◆ **Exercise instructions**: While you copy the lines below, skip the pictures and keep the rest exact.

◆ **Information provided**:
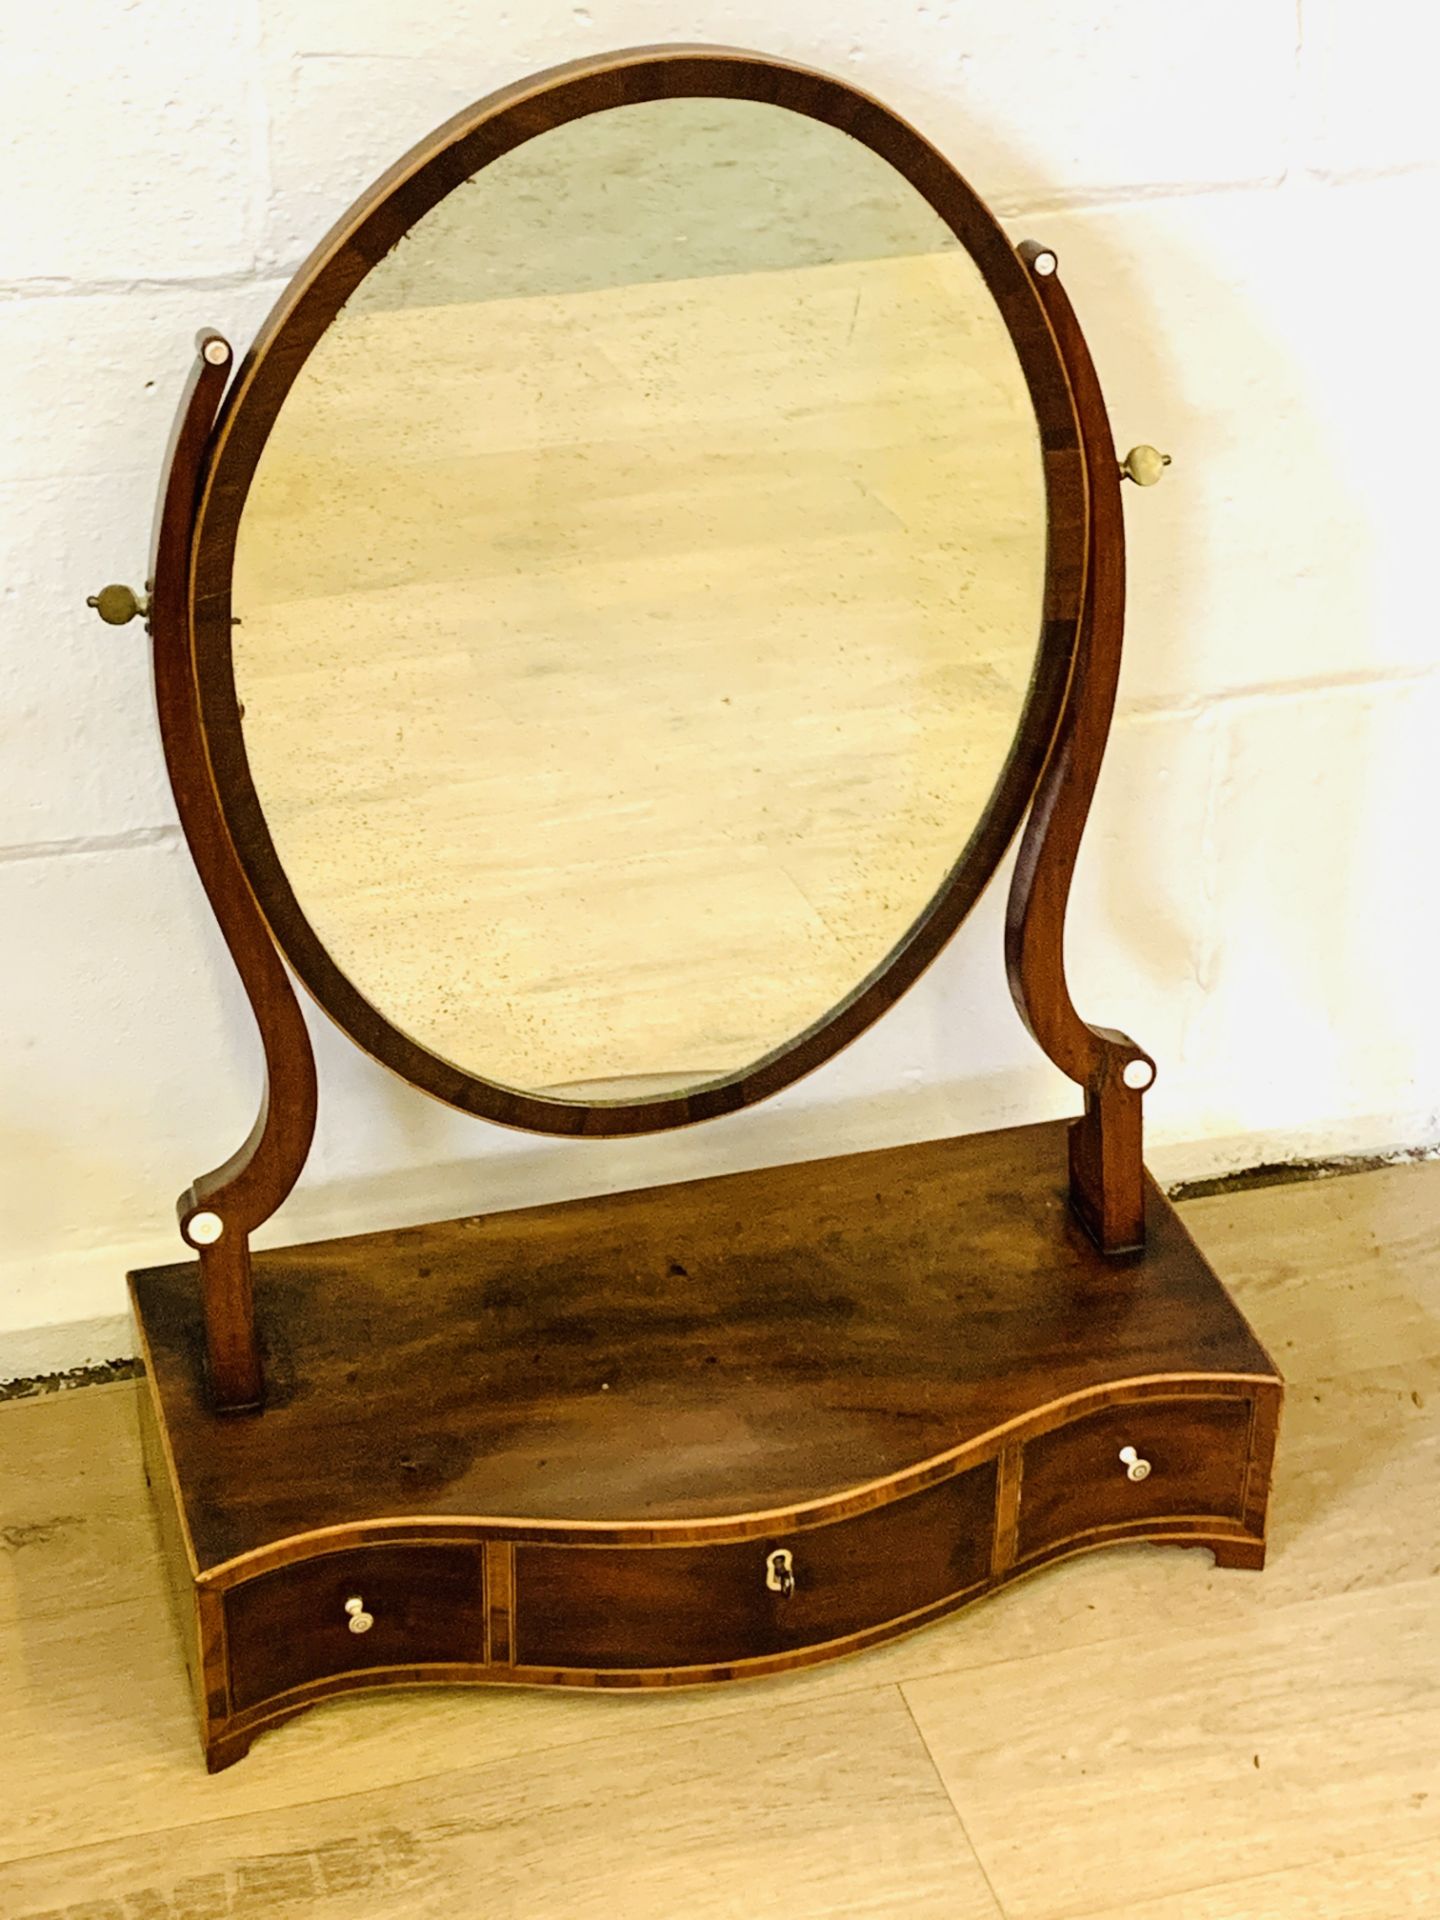 Mahogany veneer oval toilet mirror to three drawers - Image 2 of 4
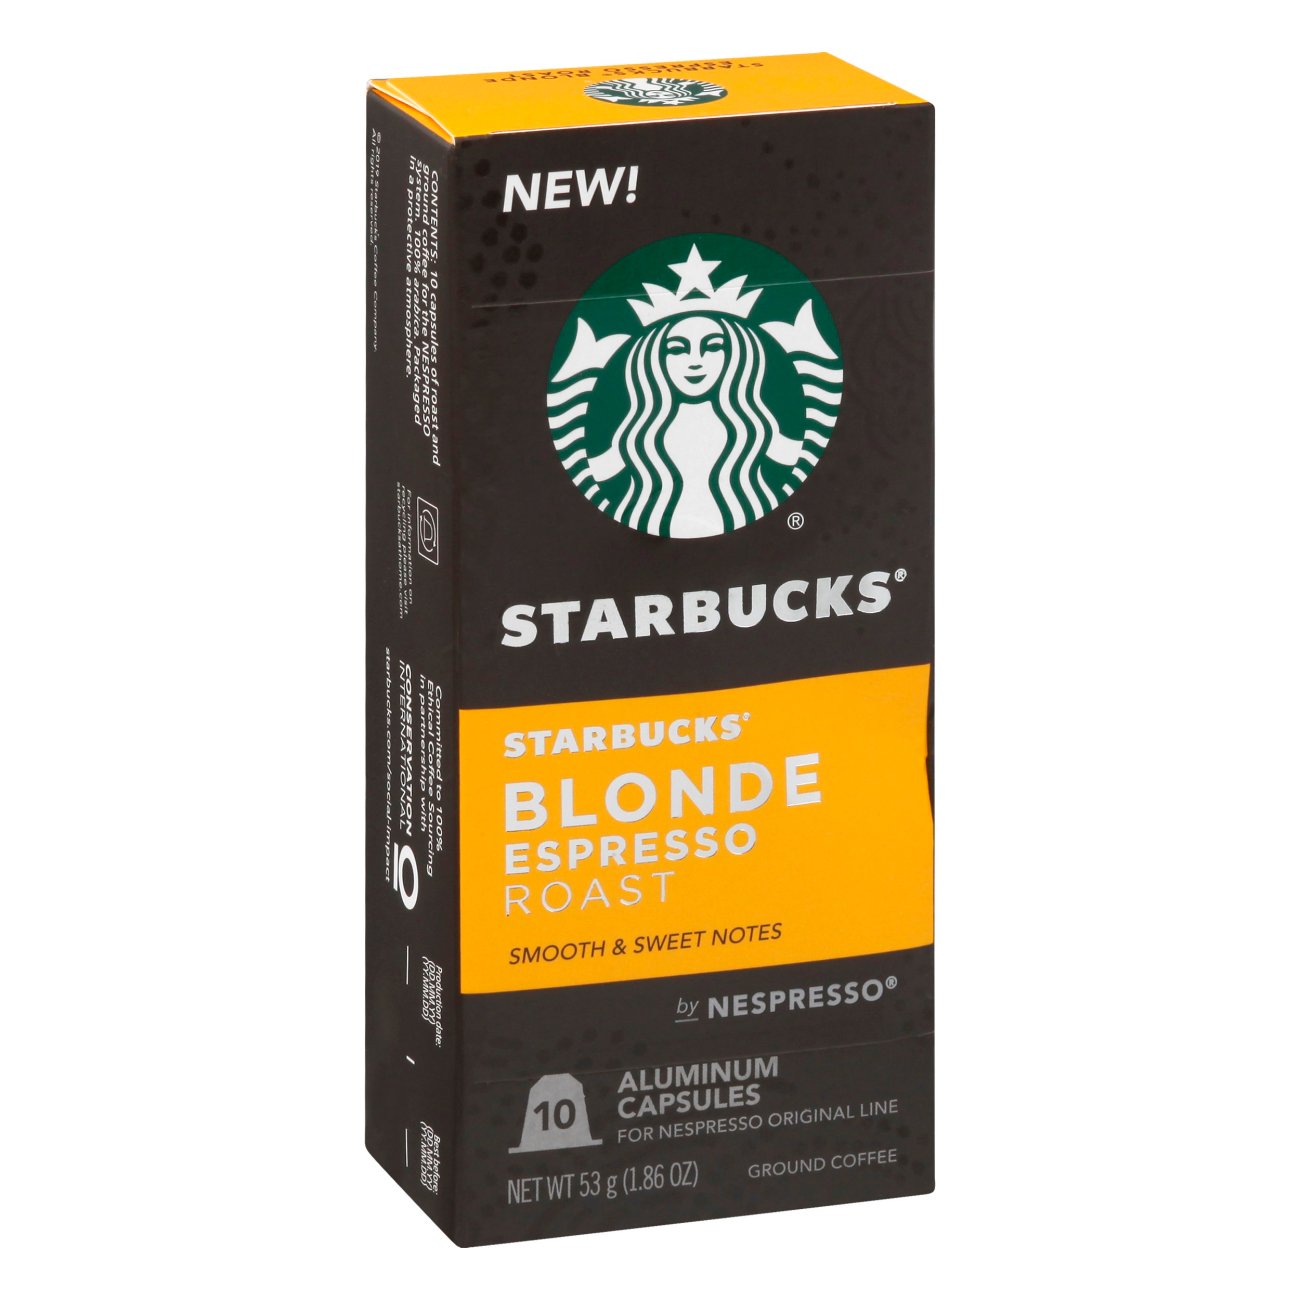 Starbucks Blonde Espresso Roast Nespresso Capsules - Shop Coffee at H-E-B
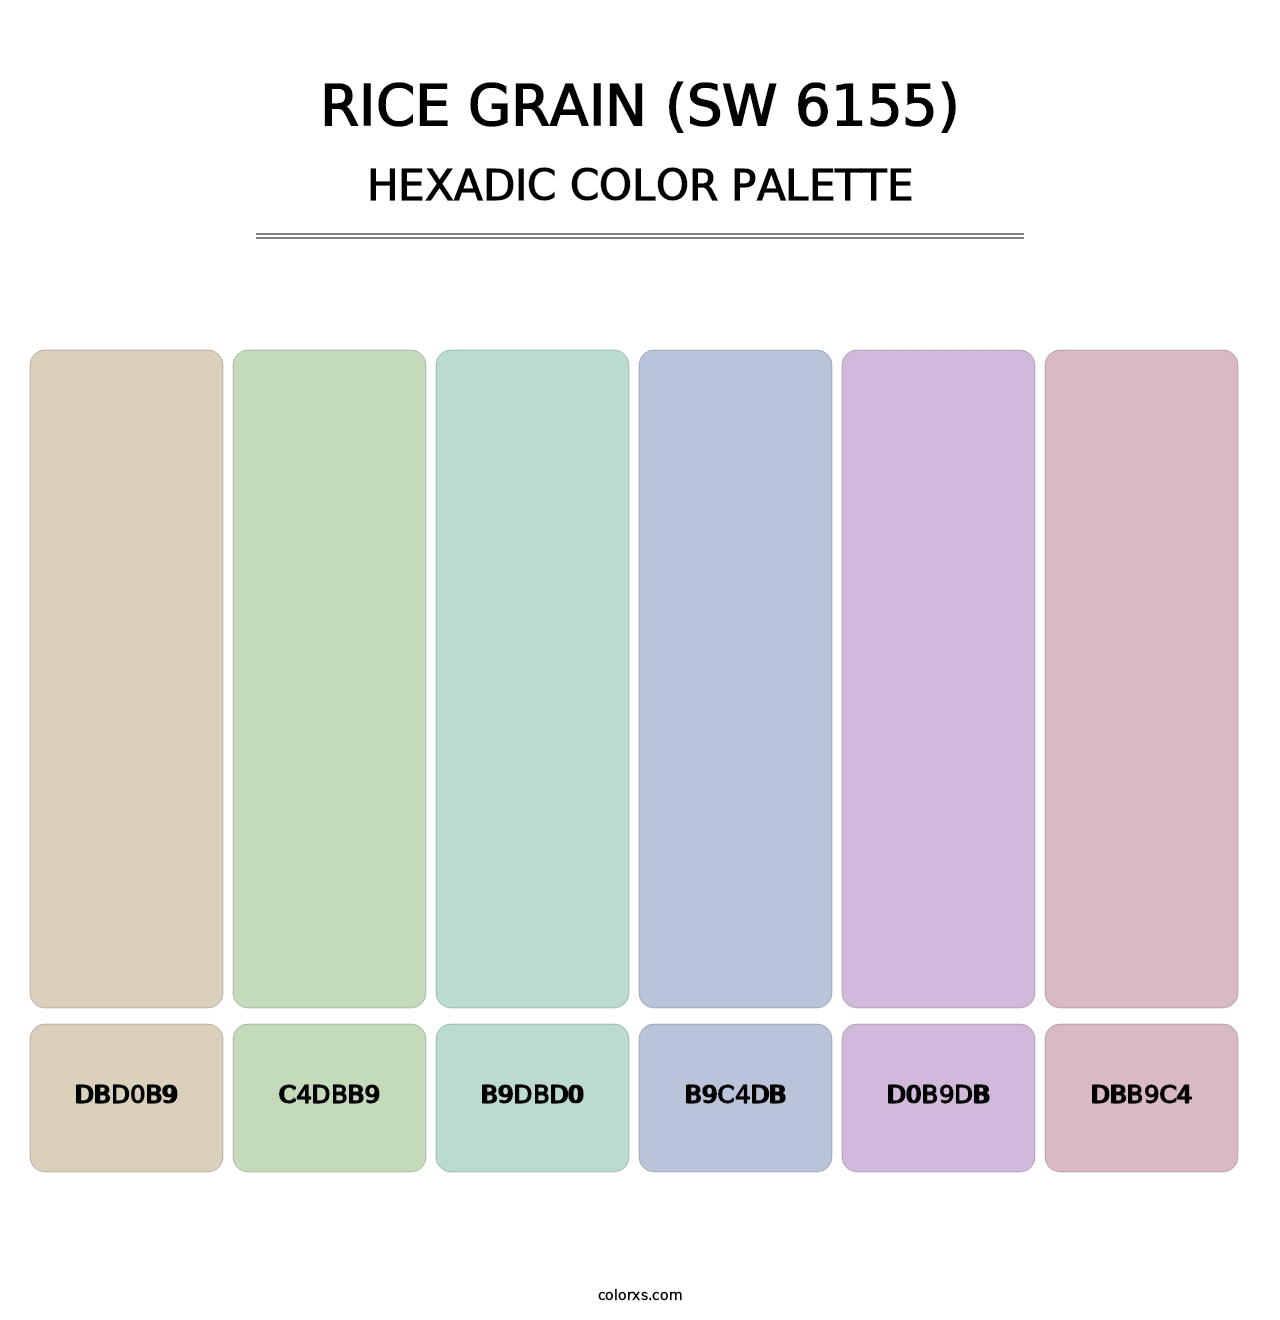 Rice Grain (SW 6155) - Hexadic Color Palette
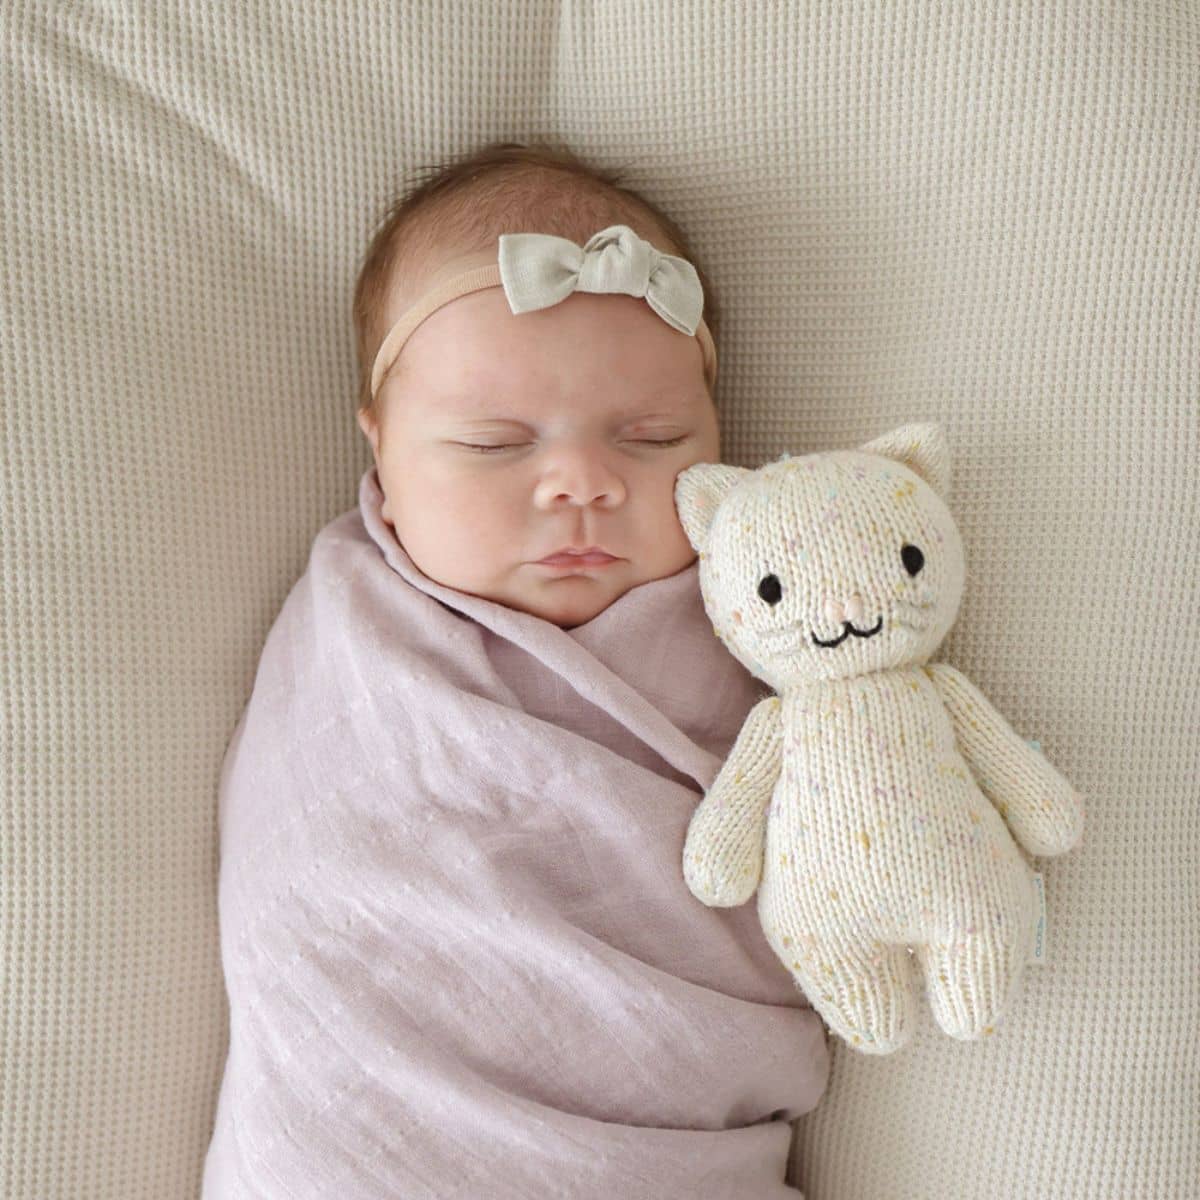 Cuddle + Kind Hand-Knit Doll - Baby Kitten

◆ **Result of this exercise**:
 Mahogany veneer oval toilet mirror to three drawers - Image 2 of 4
 Starbucks Blonde Espresso Roast Nespresso Capsules - Shop Coffee at H-E-B
 Rice Grain (SW 6155) - Hexadic Color Palette
 Cuddle + Kind Hand-Knit Doll - Baby Kitten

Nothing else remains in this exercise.